# [Data excerpt]
-- Opening Marker --
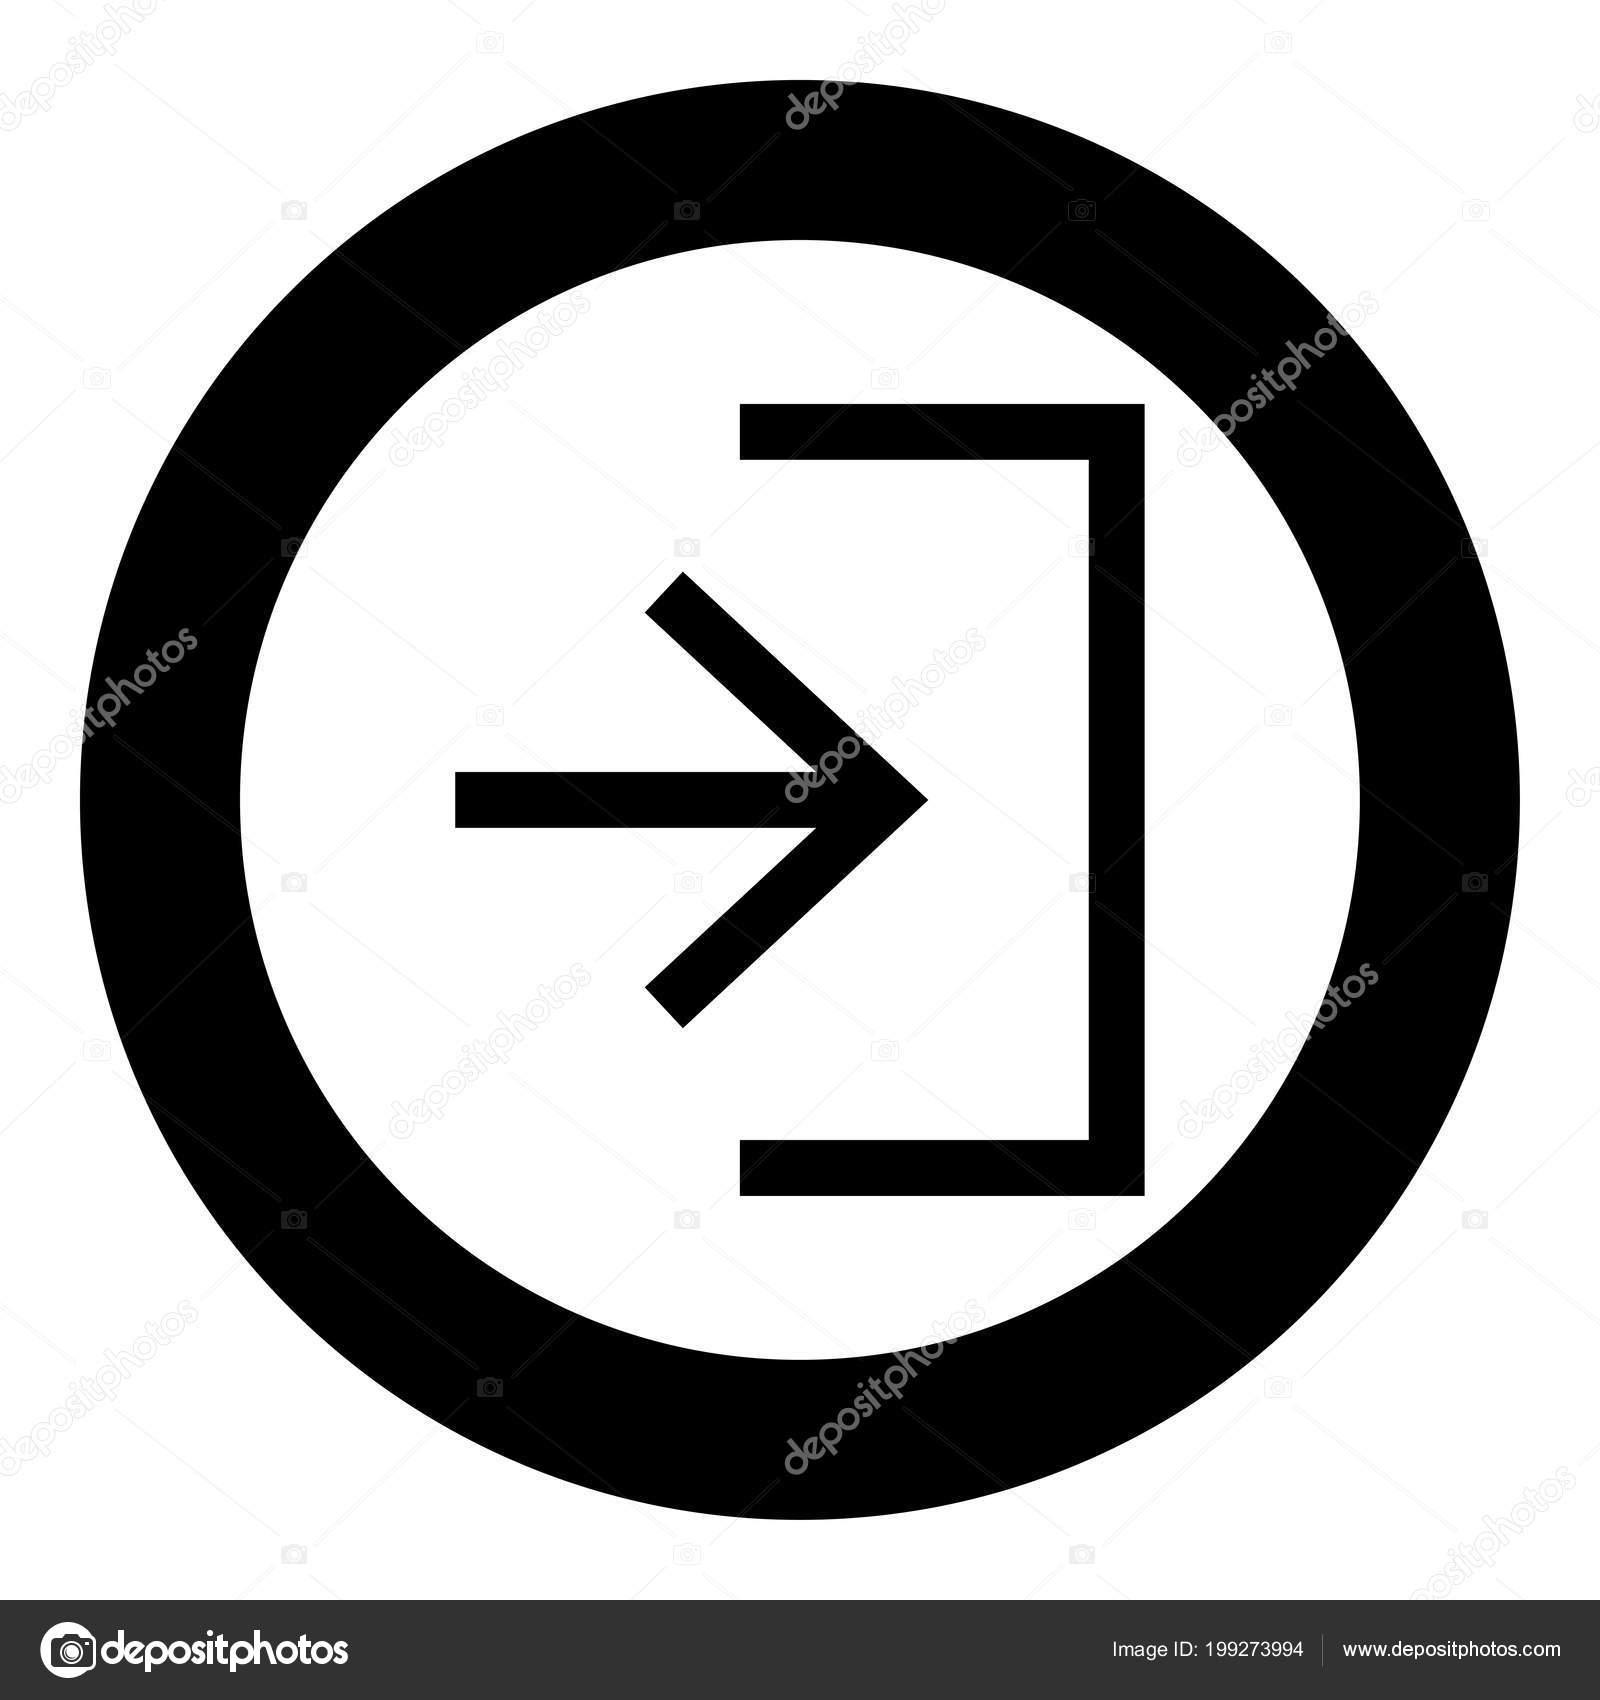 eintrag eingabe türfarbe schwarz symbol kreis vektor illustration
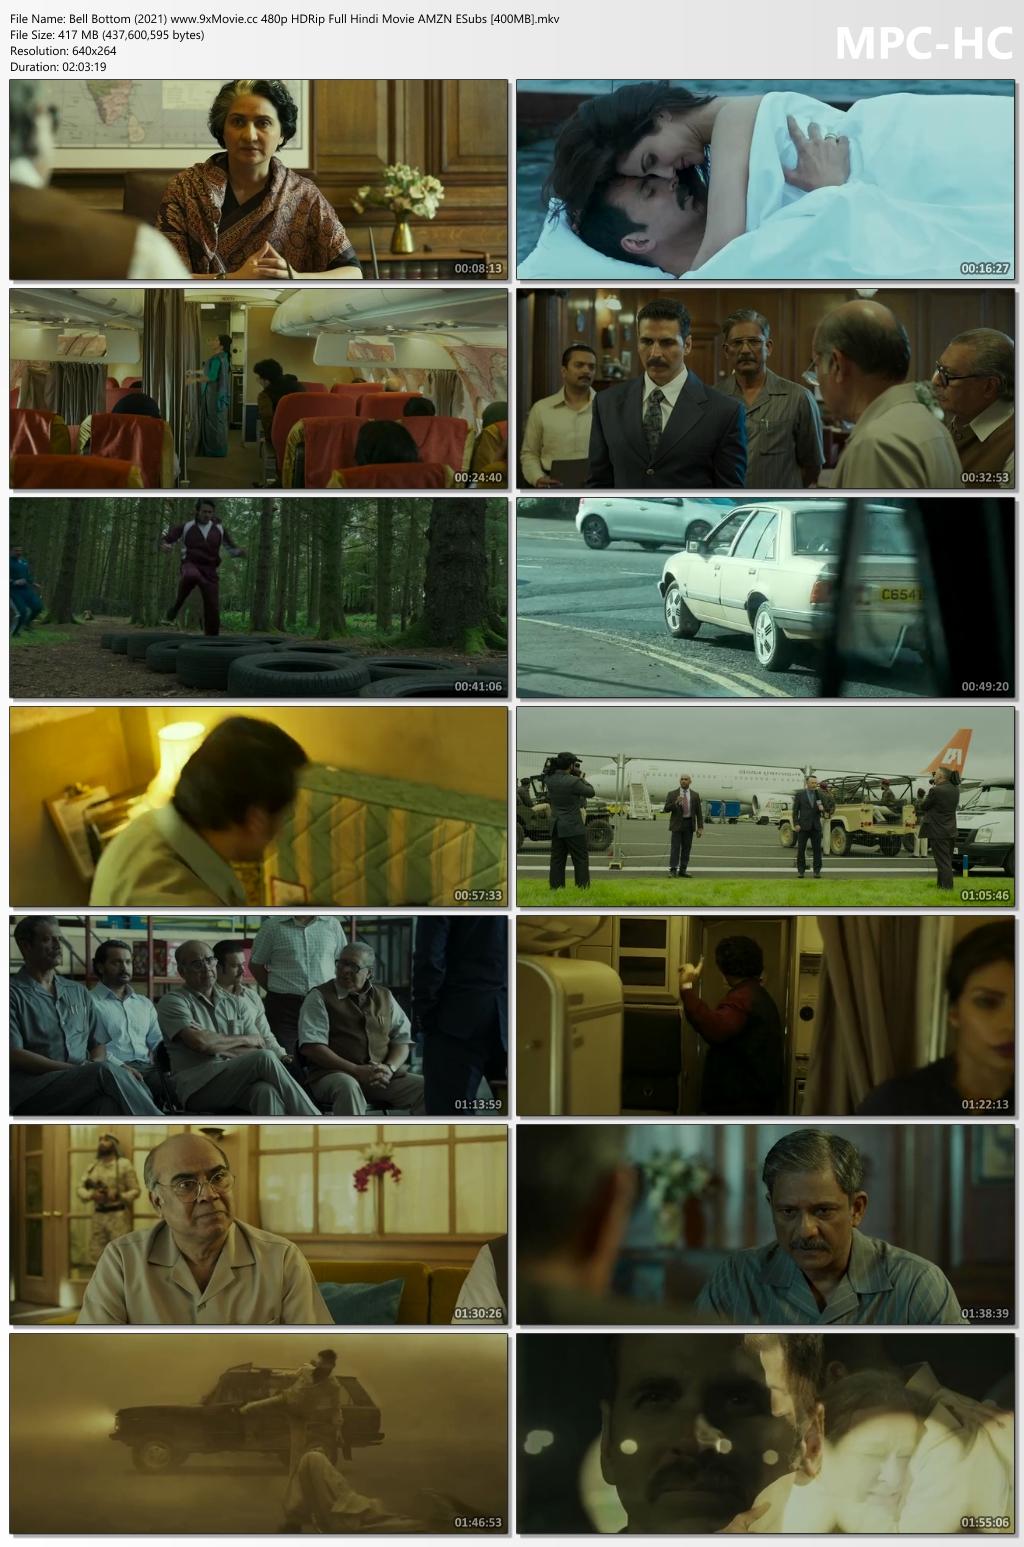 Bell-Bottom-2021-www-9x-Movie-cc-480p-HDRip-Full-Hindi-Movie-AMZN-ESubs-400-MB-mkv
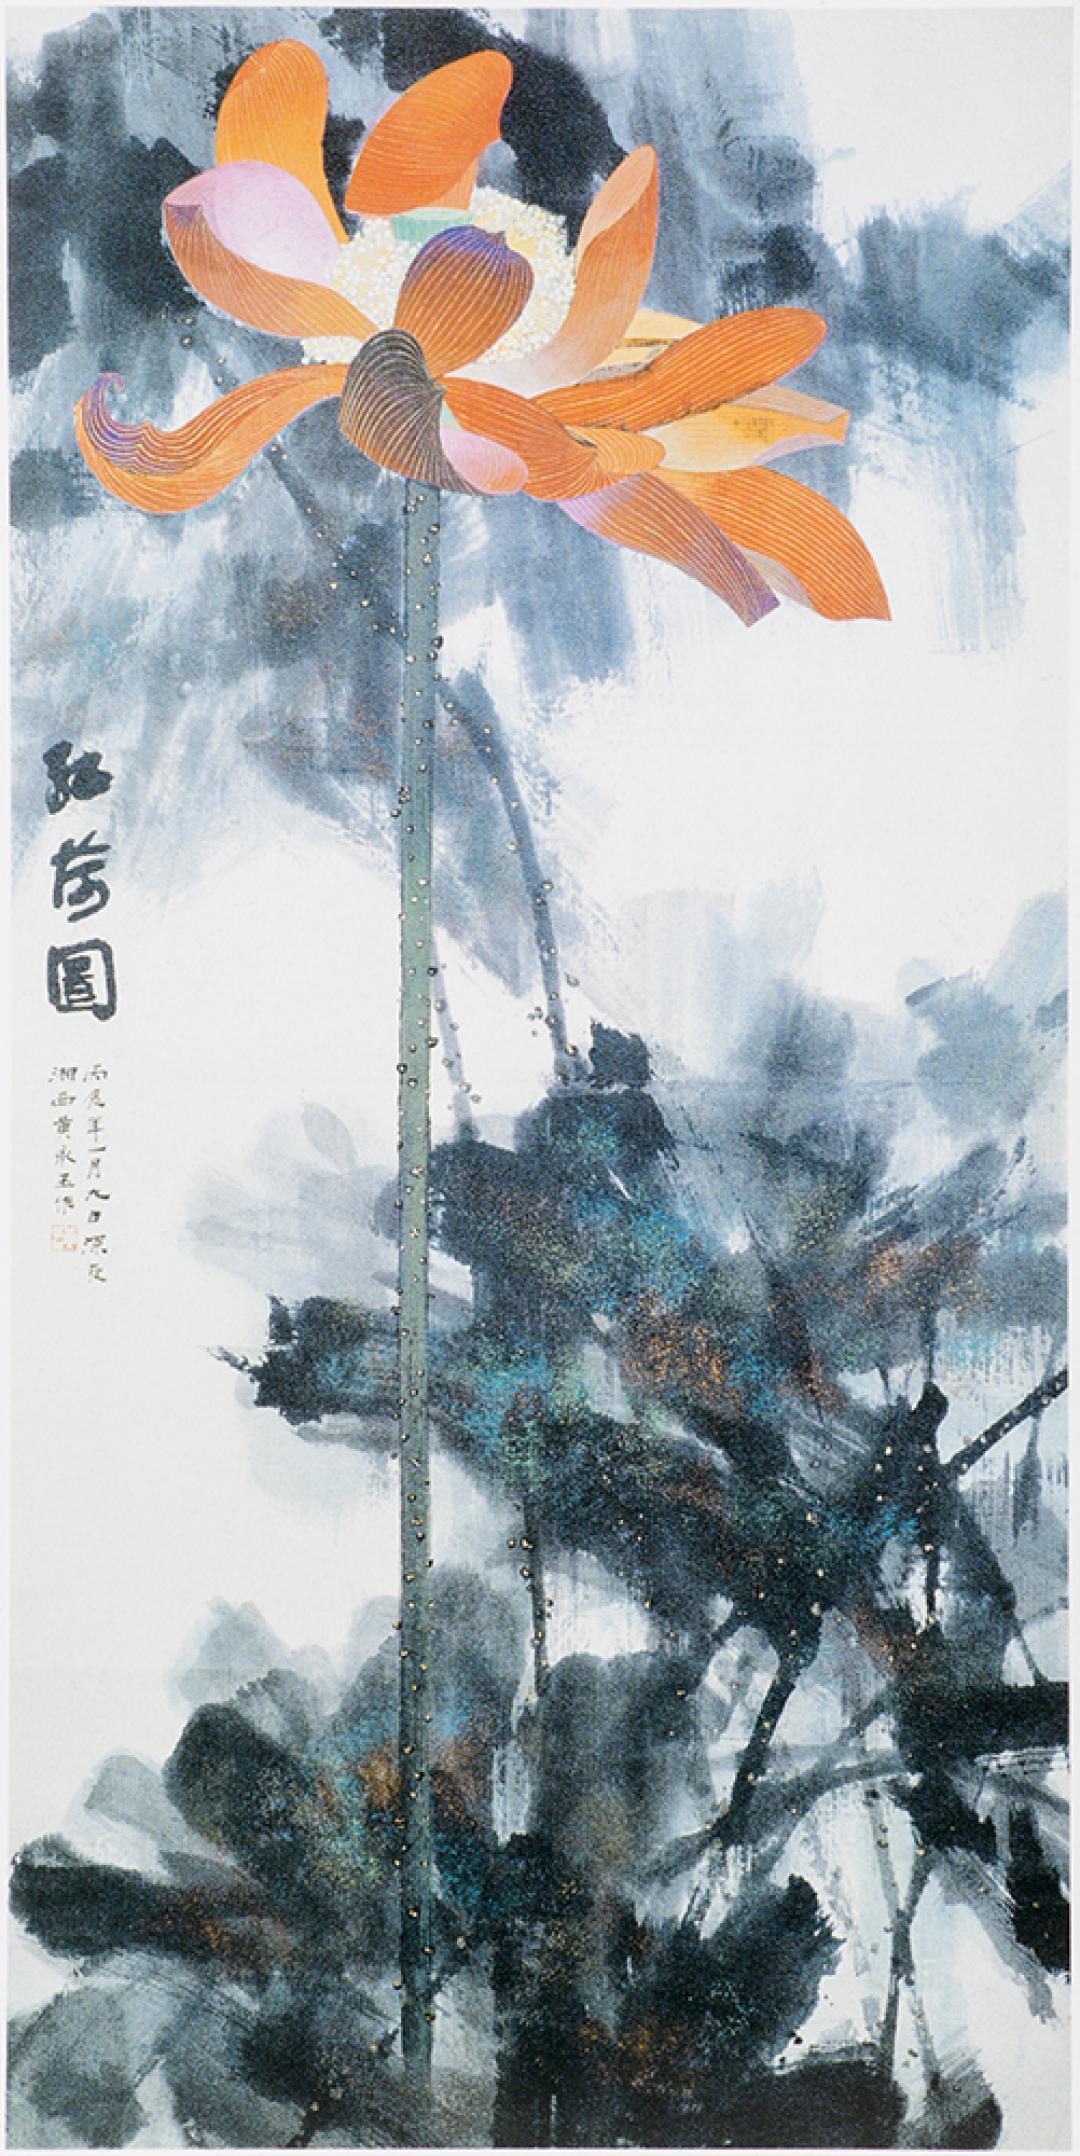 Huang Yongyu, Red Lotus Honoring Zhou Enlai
-- Closing Marker --
# [The problem]
Wherever an image appears in the data, omit it and repeat everything else exactly.

# [Written response]
 eintrag eingabe türfarbe schwarz symbol kreis vektor illustration
 Bell-Bottom-2021-www-9x-Movie-cc-480p-HDRip-Full-Hindi-Movie-AMZN-ESubs-400-MB-mkv
 Huang Yongyu, Red Lotus Honoring Zhou Enlai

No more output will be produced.